Let $\Omega$ be a probability space with elements:
$\Omega = \{0,1,2,3\}$
Let $\mathbb{P}$ be a probability measure such that:
$\mathbb{P}(0) = \frac{1}{6}, \mathbb{P}(1) = \frac{1}{3}, \mathbb{P}(2) = \frac{1}{4}, \mathbb{P}(3) = \frac{1}{4}$
Finally, let X and Y be two random variables defined by:
$X(0) = 1, X(1) = 1, X(2) = -1, X(3) = -1$
$Y(0) = 1, Y(1) = -1, Y(2) = 1, Y(3) = -1$
Find $\mathbb{E}[Y|X]$.
Attempt At Solution
By the conditional expectation formula, we have:
$\mathbb{E}[Y|X] = \sum_{\omega \in \Omega} \frac{\mathbb{E}[Y\mathbb{1}_{X= \omega}]}{P(X= \omega)}$$\mathbb{1}_{X=\omega}$
But I'm not sure how to compute this sum?
Here, $X$ takes its values in $\{-1,+1\}$, so the sum in your formula should be on $\omega \in\{-1,+1\}$ (and $\omega$ is a very bad choice of notation).

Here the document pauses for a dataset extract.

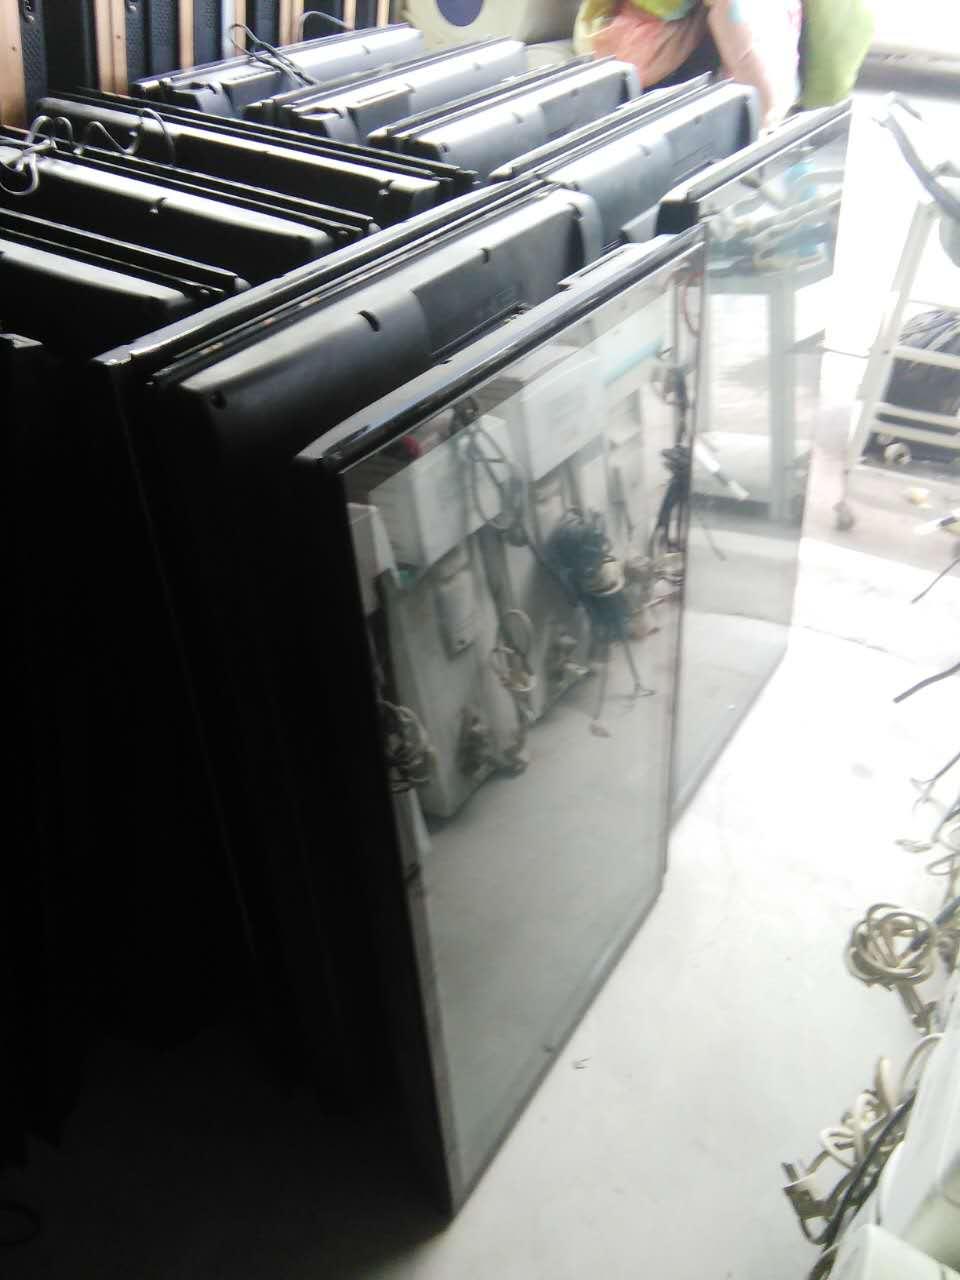 济南二手家电出售价格低,产品质量好,全是九成新家电。

Actually, the idea behind the formula is that $E[Y\mid X]=f(X)$ where $f(x) = E[Y \mid X=x]$. Since $X$ takes its values in $\{-1,+1\}$, you just have to compute $f(1)$ and $f(-1)$, that is:
$$ f(1) = E[Y \mid X=1] =\frac{E[Y1_{X=1}]}{P(X=1)},\qquad f(-1)=\frac{E[Y1_{X=-1}]}{P(X=-1)} $$
Therefore, the correct formula is: $$ E[Y\mid X] = \frac{E[Y1_{X=1}]}{P(X=1)}1_{X=1} + \frac{E[Y1_{X=-1}]}{P(X=-1)}1_{X=-1} $$
Here is a model of the computations required to get $f(1)$. I leave the rest to you. $$ P(X=1) = P(0)+P(1)=\frac{1}{6}+\frac{1}{3} = \frac{1}{2}, $$ and $$ E[Y1_{X=1}] = 1\times P(0) + (-1) \times P(1) + 0\times P(2) + 0 \times P(3) = -\frac{1}{6} $$